What happened

Oil prices went haywire today, plummeting far below the lowest prices on record, and actually ending at negative levels. By close of trading Monday, the futures contract price for WTI crude to be delivered in May was negative $18.15 per barrel.  

And yet, oil tanker stocks soared. By the closing bell, crude oil shipper DHT Holdings (NYSE:DHT) had risen 7.5% (after being up more than 12% earlier in the day), and the stock of Frontline (NYSE:FRO) was up 12.7%. Topping them both was Teekay Tankers (NYSE:TNK), up 20.6%.

Oil tanker foredeck

Image source: Getty Images.

So what

Economics 101 dictates that as the price of something (oil, for example) falls, demand for that something rises.

Thus, cheaper oil begets more demand for oil. Maybe not right away. That's why oil prices are falling after all: no demand for gasoline to fuel up our cars while we're sheltering in place, and no demand for jet fuel when no one is taking vacations. But eventually, folks are going to realize that oil and gasoline have become ultra-cheap and, just as soon as we are free to get out and about again, we're going to do just that.
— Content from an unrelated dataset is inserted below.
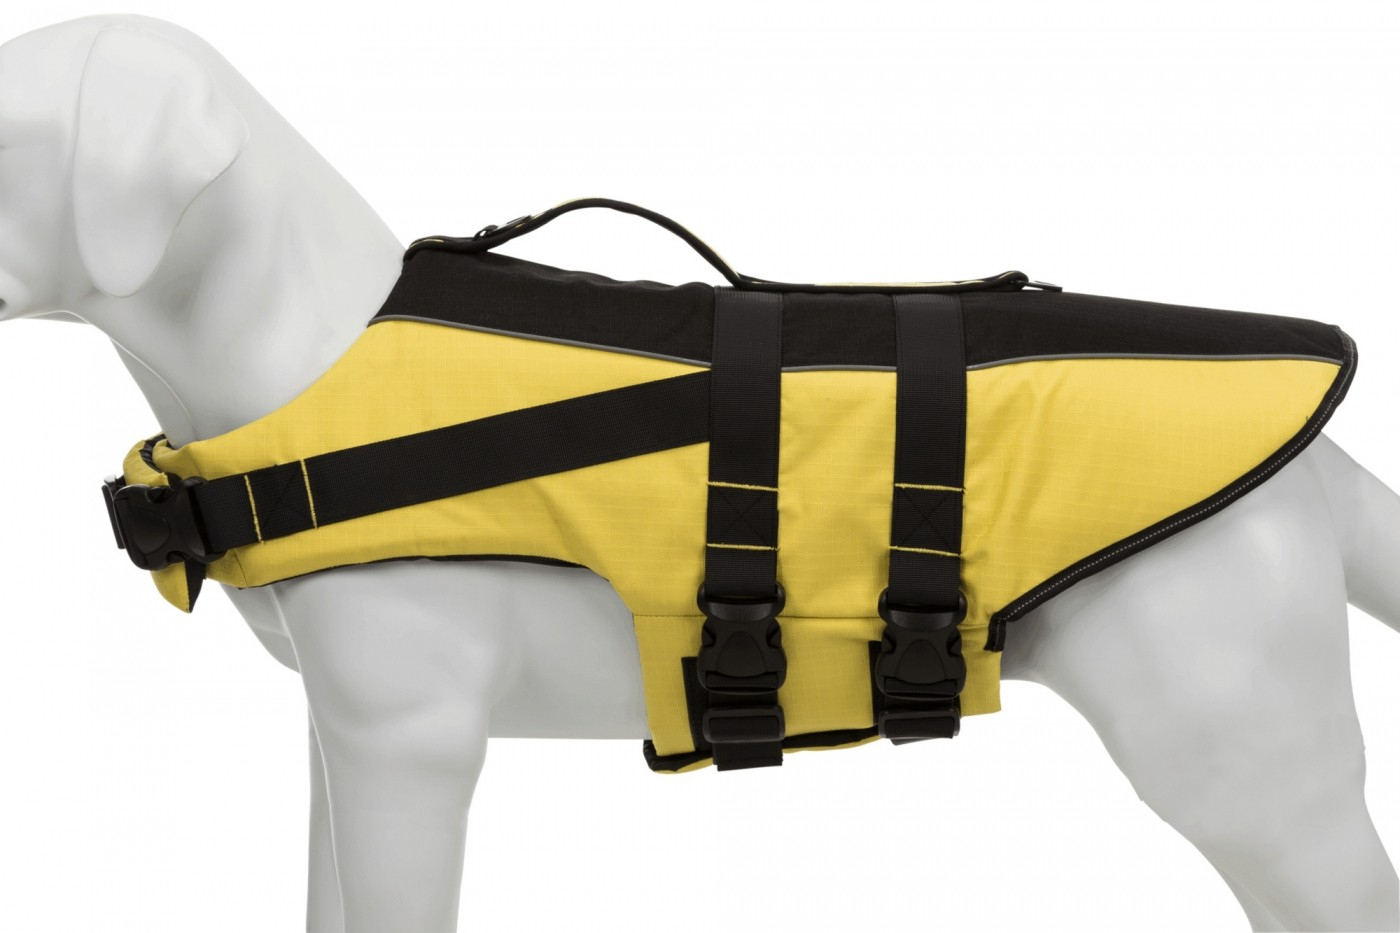 Chaleco salvavidas o de flotación para perros Amarillo/Negro varias tallas disponibles
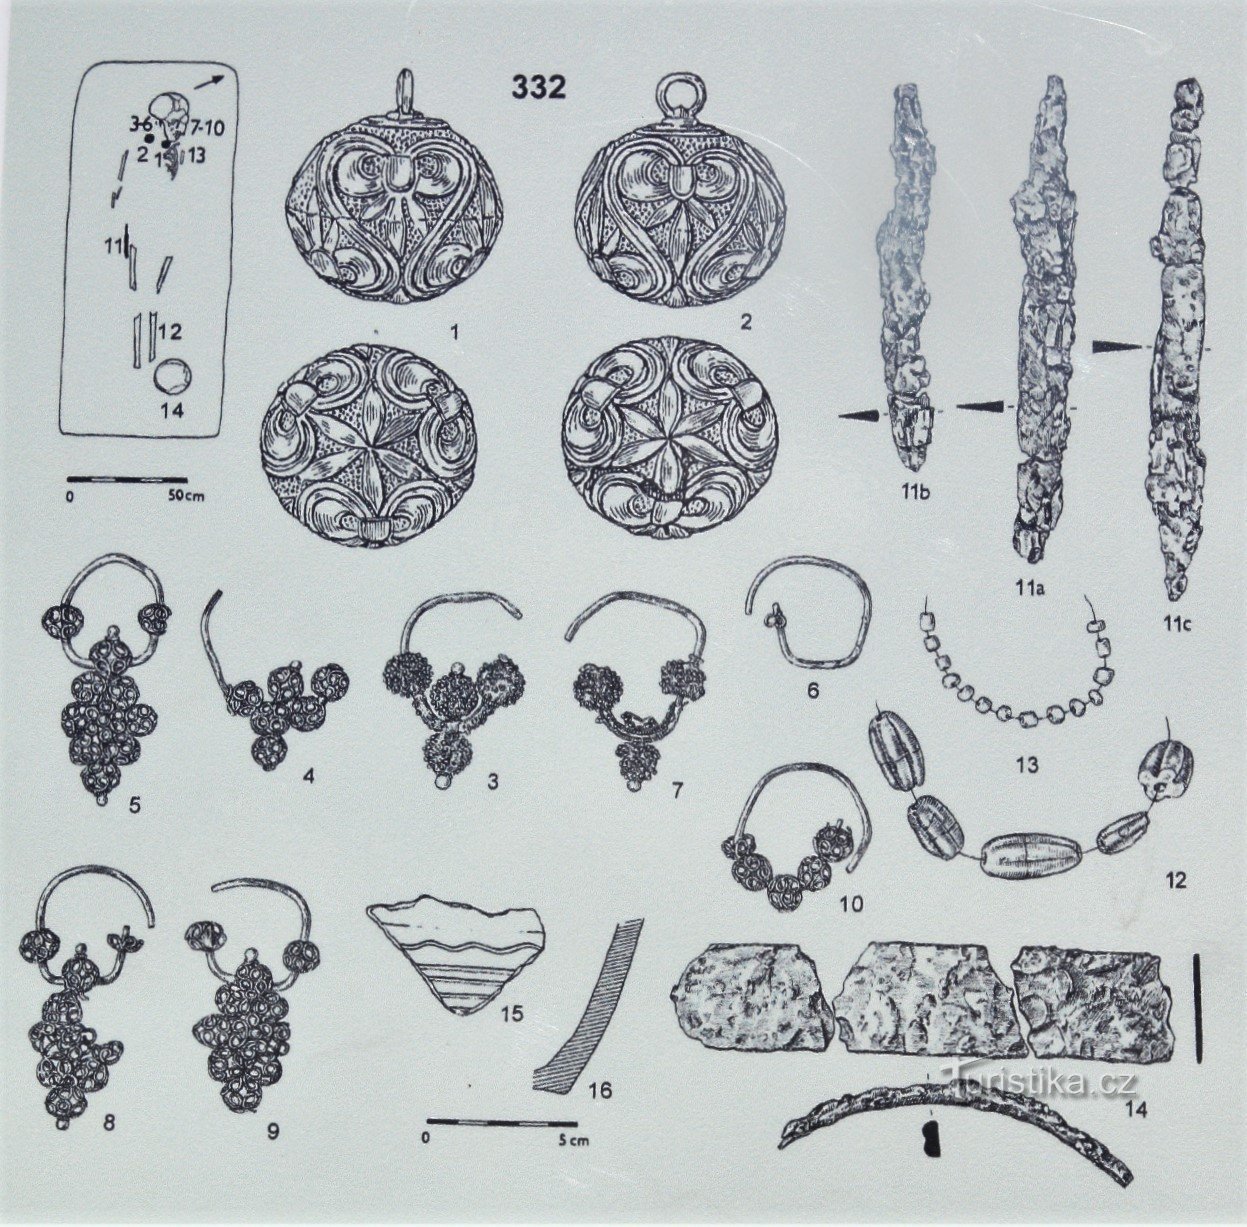 Descobertas de joias das escavações aqui (retiradas do painel de informações)

In order to be ready to meet this anticipated increased demand, more oil is going to need to be shipped, and investors today are looking ahead to that day, and investing in oil shipping stocks in anticipation of a boom in demand for their services.

Now what

Oil producers realize this, too. They understand that, as painful as today's oil glut and resulting price crash is, it's a temporary phenomenon. Ideally, they'd therefore like to put their oil in storage now, when prices are low, and refine and sell it later, when prices rise again.

Oil tankers serve this purpose, too. They're literally gigantic floating tanks of oil that can be filled now, and drained later. And this adds even more demand to the surge in the market for oil transport services. Thus, there are at least two good reasons oil tankers, and oil tanker stocks, look particularly attractive today.

And here's a third: DHT shares, at 14.4 times earnings, and Frontline at 11.3 times earnings, aren't particularly expensive. Meanwhile, unprofitable Teekay is much less likely to go bankrupt if there's a surge in demand for its services, good reason to expect its share price to rise as bankruptcy risk recedes.

The very real possibility that all three stocks will turn out to be underpriced at today's levels is yet another reason we're seeing them rise.